Problem details:
Please retype the listing below exactly as it stands, skipping any pictures.

══ Collected material ══

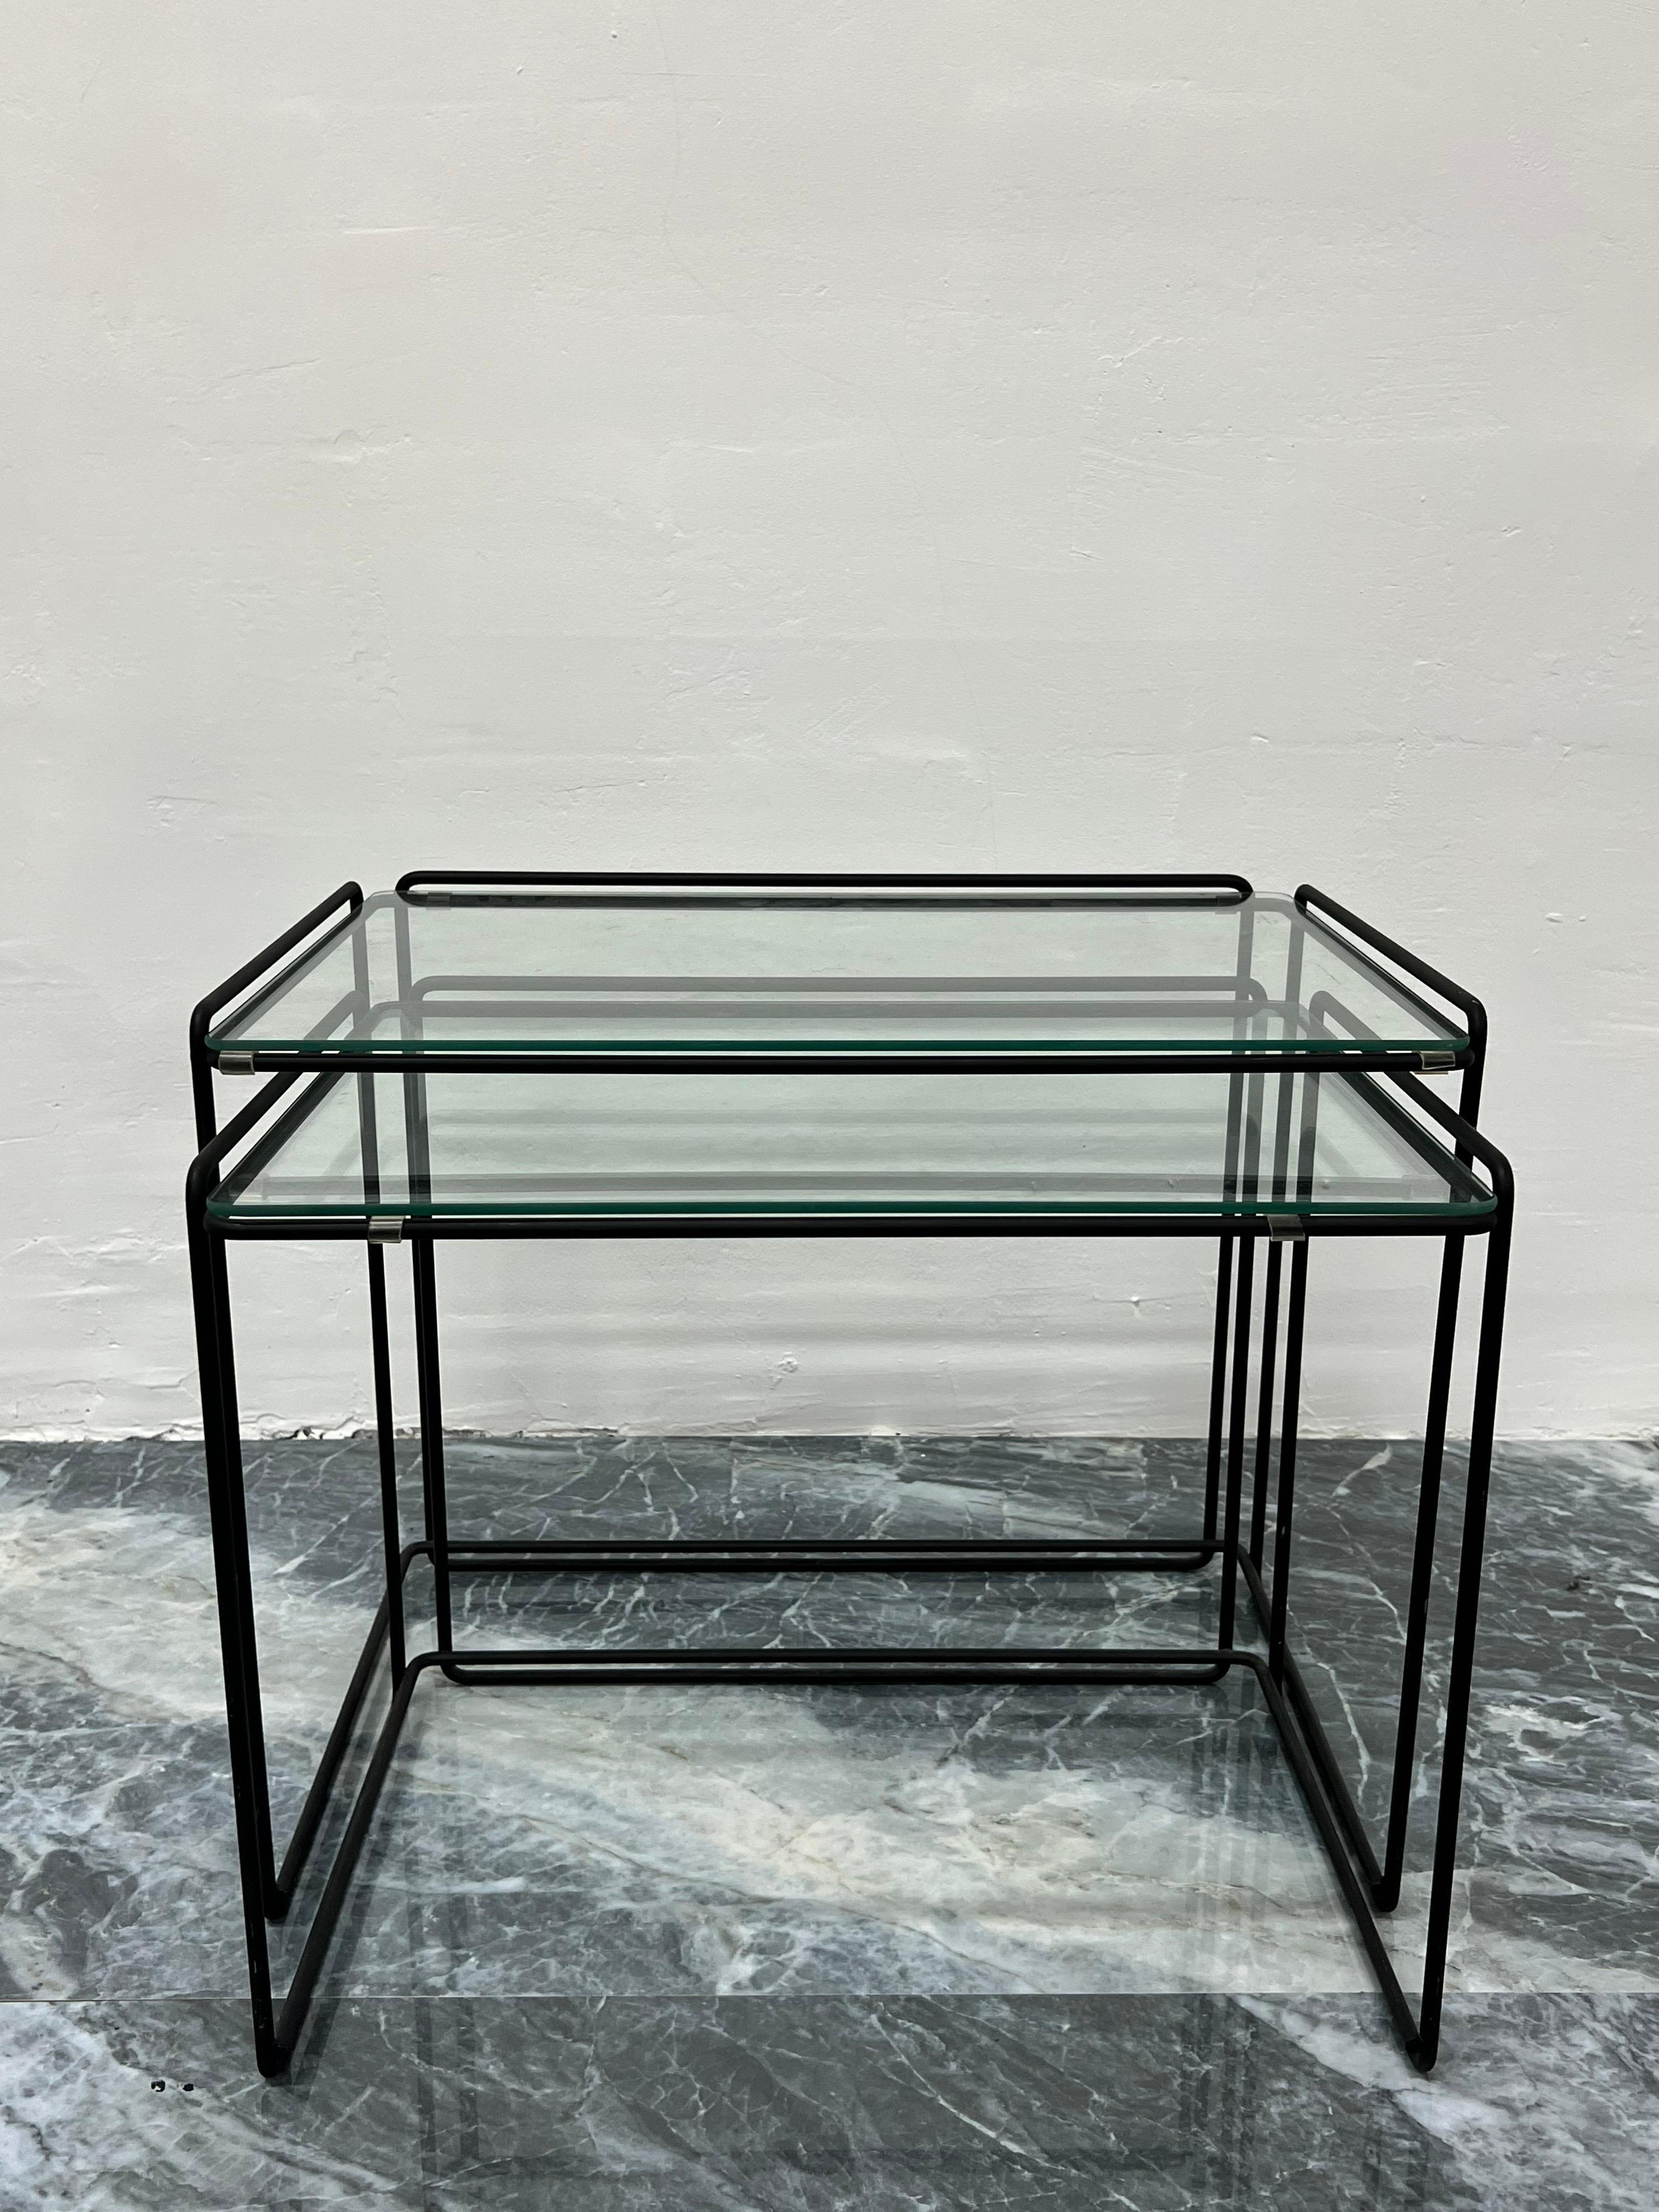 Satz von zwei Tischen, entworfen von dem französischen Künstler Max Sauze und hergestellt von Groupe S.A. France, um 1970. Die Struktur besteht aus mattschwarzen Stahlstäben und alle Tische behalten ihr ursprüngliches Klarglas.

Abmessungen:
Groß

═══

Task response:
 Satz von zwei Tischen, entworfen von dem französischen Künstler Max Sauze und hergestellt von Groupe S.A. France, um 1970. Die Struktur besteht aus mattschwarzen Stahlstäben und alle Tische behalten ihr ursprüngliches Klarglas.

Abmessungen:
Groß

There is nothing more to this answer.